The manually typed stationery was a relic of the Second World War or earlier. It had to predate the National Security Act of 1947 that created the CIA and merged the Department of War and the Department of the Navy into a unified National Military Establishment, later the Department of Defense. Perhaps it had something to do with the famous meeting at Potsdam two years before that, in 1945.
Had the document been generated then?
Like every politically aware person of his generation, he had closely followed the Potsdam Conference. He remembered newsreels of the new president, Harry S. Truman, flying to Europe to meet with Churchill and Stalin to hammer out an agreement on what to do with the defeated Germany. Then, not long after college, Sullivan had been sent to Berlin to help make the most of the tortured agreement.
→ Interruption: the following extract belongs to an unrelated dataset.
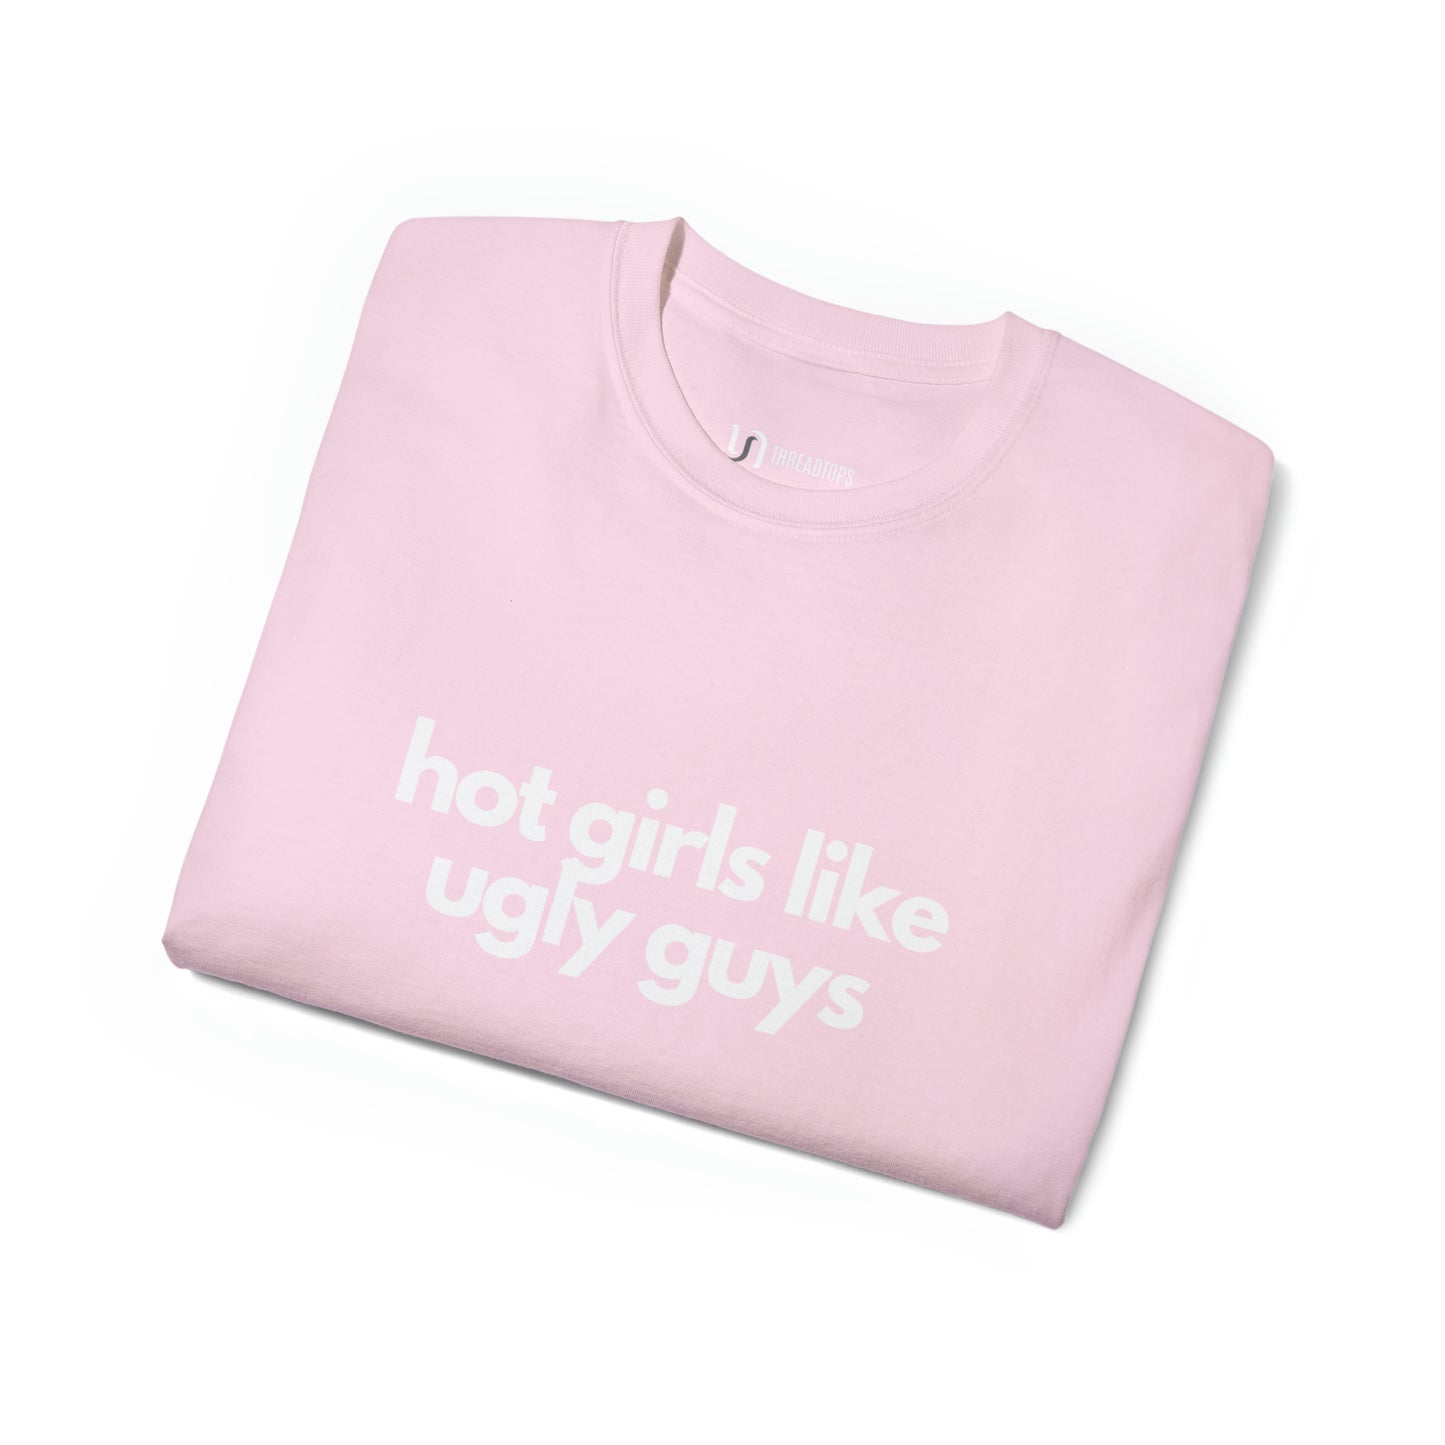 Hot girls like ugly guys | Tee

But he had never studied the conferenc
e process itself. What had actually happened behind closed doors between those three victorious leaders?
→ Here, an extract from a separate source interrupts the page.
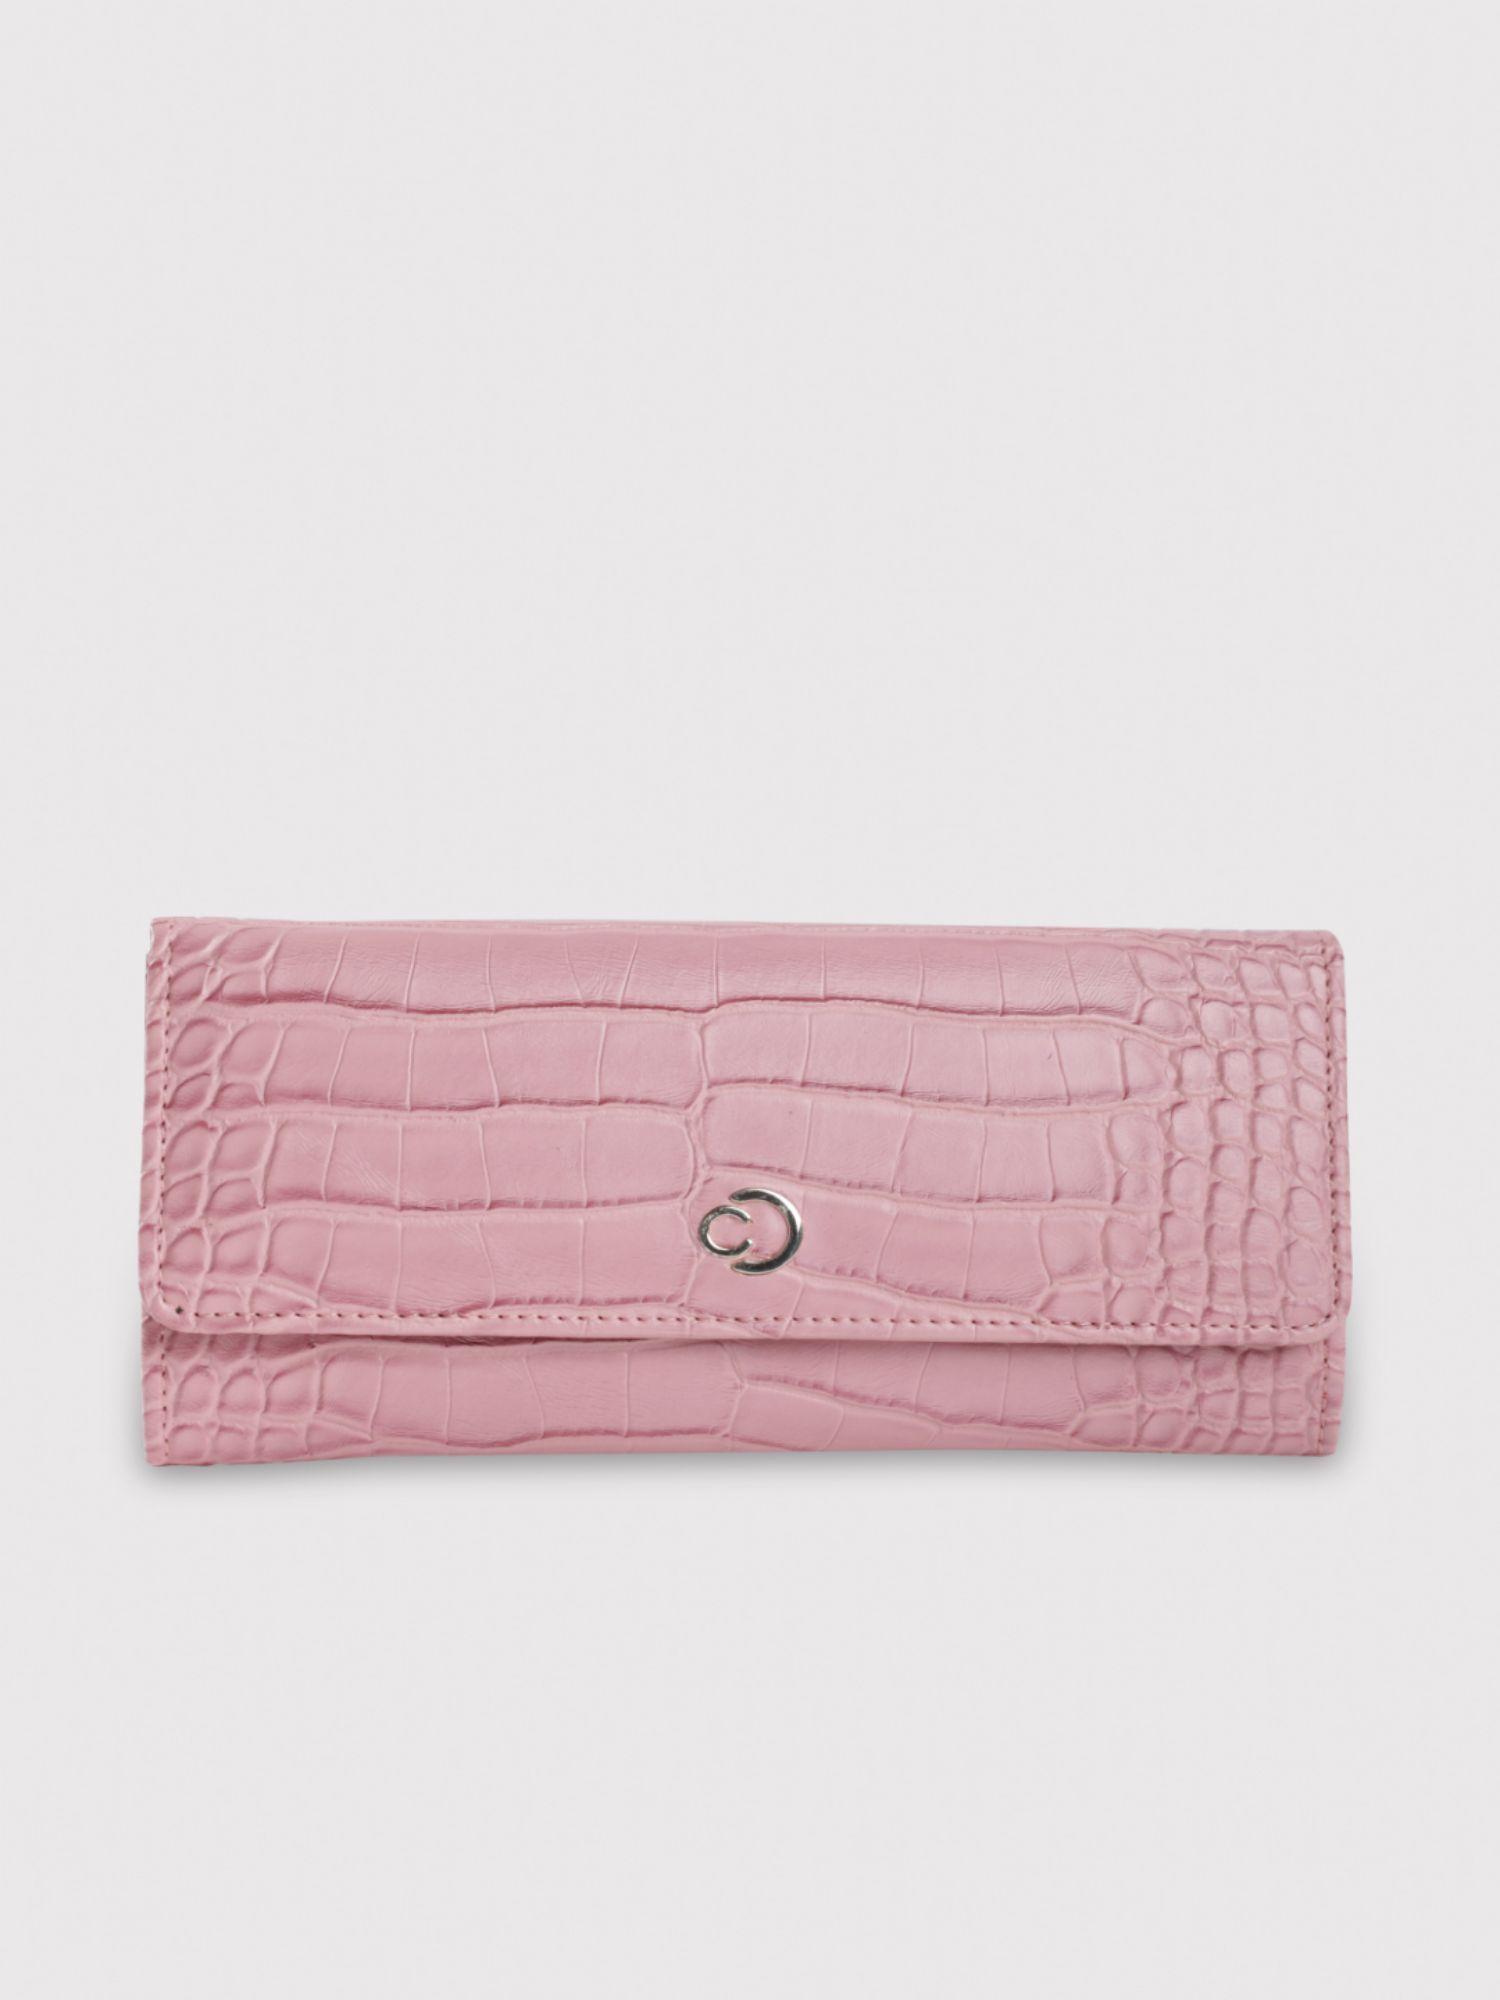 luna wallet flap wallet pink

He rolled up his sleeves and looked around the small office. He had a television with 24-hour news. His computer had up-to-date maps and daily CIA news briefs. From his keyboard, he could access the latest information on the deployment of any country’s fighting forces. He knew where everyone was and what he or she was doing there. But what tools did he have to dig into the past?
Truman had been a faithful diarist. Perhaps his notes at Potsdam would contain some clue. Had Shangri-la ever been a topic of discussion?
He picked his phone up and dialed the research department. “I need a copy of Truman’s diaries,” he told the young lady. “Specifically, I’m interested in the Potsdam Conference.”
“That would be July of 1945,” she said. She was clearly more than a receptionist.
“I need to see a copy of the original handwritten pages,” Sullivan went on. “Not just a typeset copy.”
“I would need to go to the Presidential Library in Independence, Missouri, for that.”
He raised his eyebrows. This gal sure knew her stuff. “If you can get it to my desk by noon, I’d appreciate it.”
“I’ll put on my flying cape at once.”
Smart aleck.
Several hours later he ate an early lunch in the cafeteria. He was walking back through waves of young employees who strolled nonchalantly toward the food line when he saw a pert young thing leave his office.
Her heels squeaked to a halt when she saw him. “I left you the diaries, Mr. Sullivan.”
She didn’t wear reading glasses, nor did she have a Superwoman cape. He allowed a brief moment of fantasy where she wore nothing at all.
“I’m sorry,” he recovered himself. “I don’t know your name.”
“I’m the one they call Linda.” Her eyes smiled moistly like a cat.
He took a moment to savor the name, Linda. What could be more beautiful than the Spanish term for beauty? And wasn’t blonde hair the essence of beauty to the Spanish eye? Never mind the fact that he wasn’t Spanish. She was the kind of girl that could make him want to be anything.